Opinion
May 13, 1985
Appeal from the Supreme Court, Queens County (Lakritz, J.).
Judgment modified, on the law, by reducing the conviction of criminal possession of stolen property in the second degree to one of criminal possession of stolen property in the third degree and vacating the sentence imposed. As so modified, judgment affirmed.
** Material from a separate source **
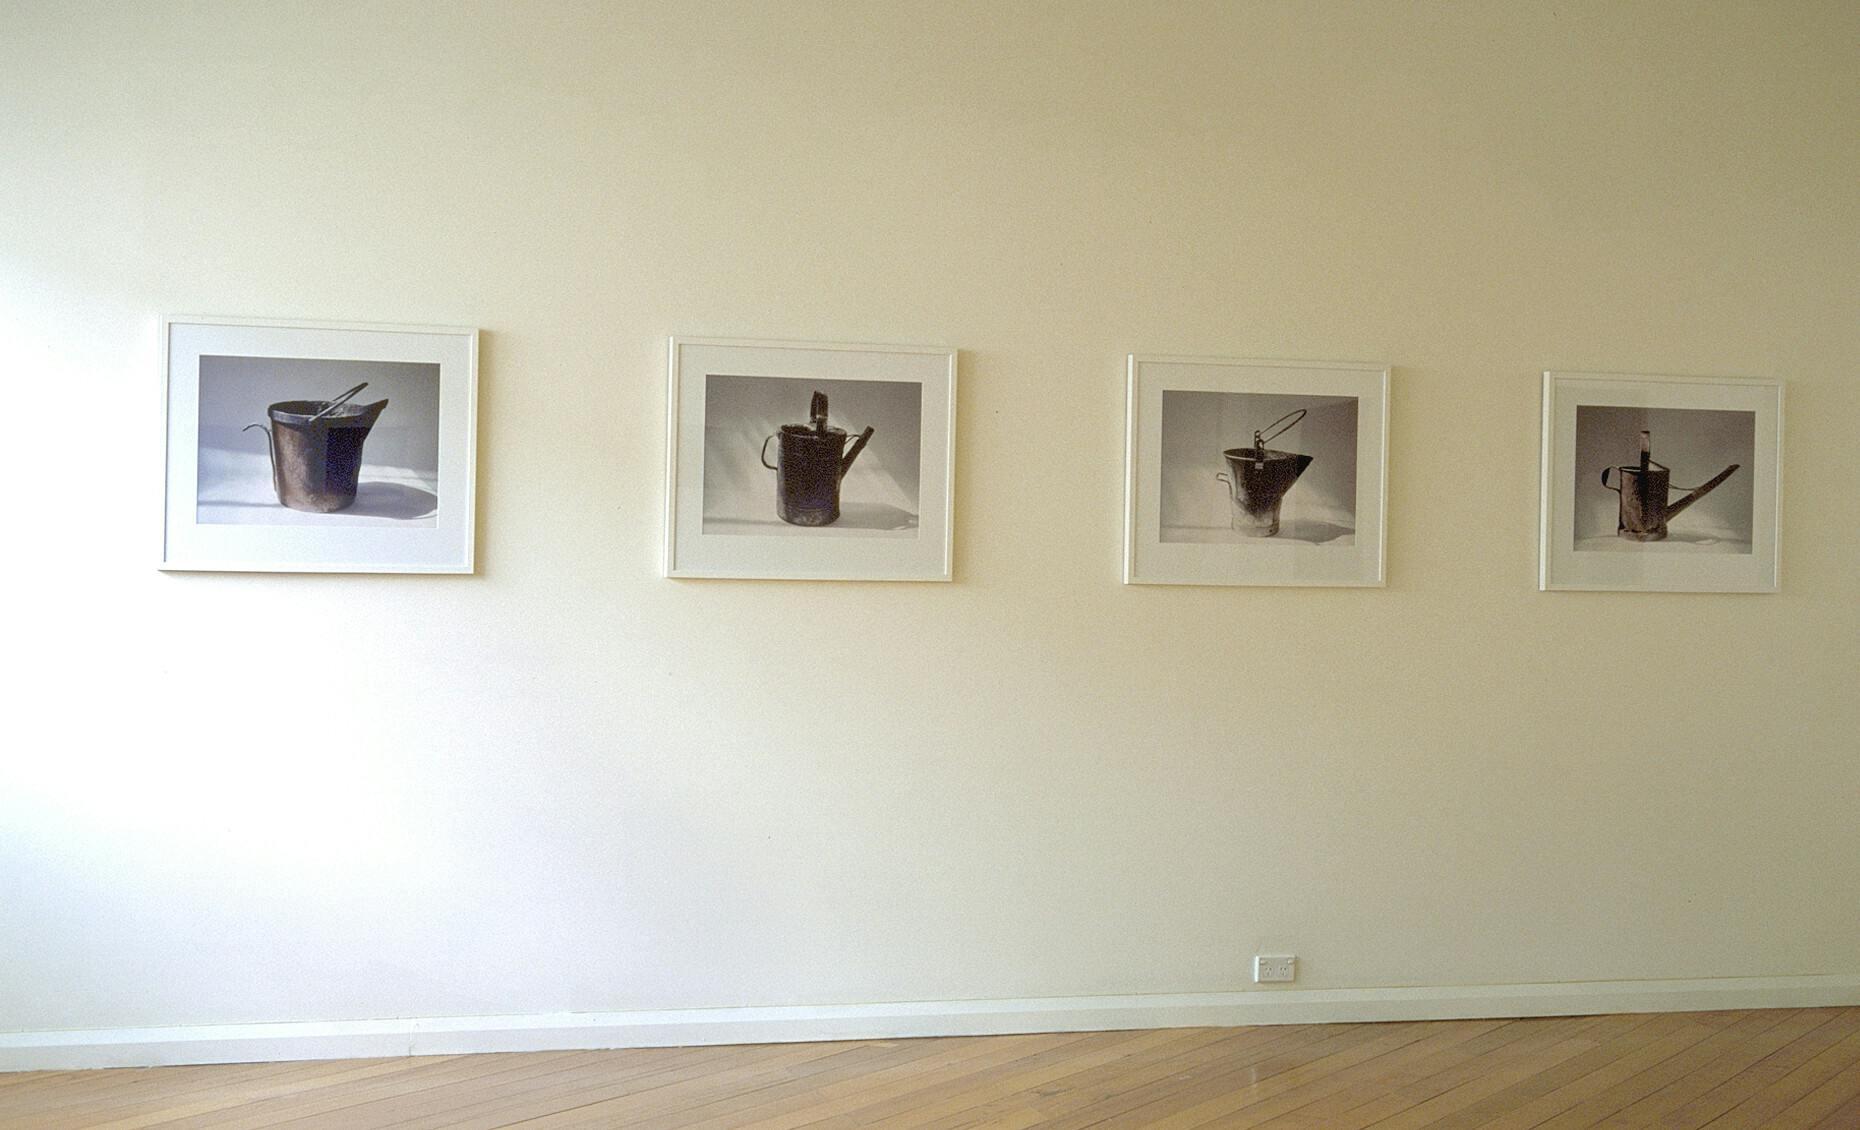 Installation view of Used-up Tool (pails and watering cans) series

The People proved beyond a reasonable doubt, as found by the Trial Judge, that defendant was in possession of stolen property. Marylou Murray, the owner of the stolen property, testified that one pair of stolen cuff links was 18-carat gold and was purchased in Switzerland in 1965 for 250 Swiss francs. She also testified that a stolen floor safe had been purchased in about 1968 for over $150, and that a stolen camera had been purchased in 1965 for over $100. There was no testimony as to the value of the other items stolen, which included some "white" and "yellow metal" jewelry, a Columbia eight-track player, a Remington fluff and dry blow dryer and a safe deposit box. There was no evidence submitted with regard to the market value of any of the stolen items. Under such circumstances, there was insufficient proof to establish that defendant was in possession of stolen property having an aggregate value in excess of $250, a necessary prerequisite for conviction of criminal possession of stolen property in the second degree ( People v. James, 111 A.D.2d 254; People v. Cahill, 83 A.D.2d 589; People v. Bell, 55 A.D.2d 624; People v. Freeman, 44 A.D.2d 843). However, the evidence presented did establish the crime of criminal possession of stolen property in the third degree, and we have modified the judgment accordingly. There is no need to remit for resentence since defendant has already served the maximum time to which he could be sentenced on the criminal possession of stolen property in the third degree conviction ( see, Penal Law § 165.40, 70.15 Penal [1]). Lazer, J.P., Bracken, Rubin and Eiber, JJ., concur.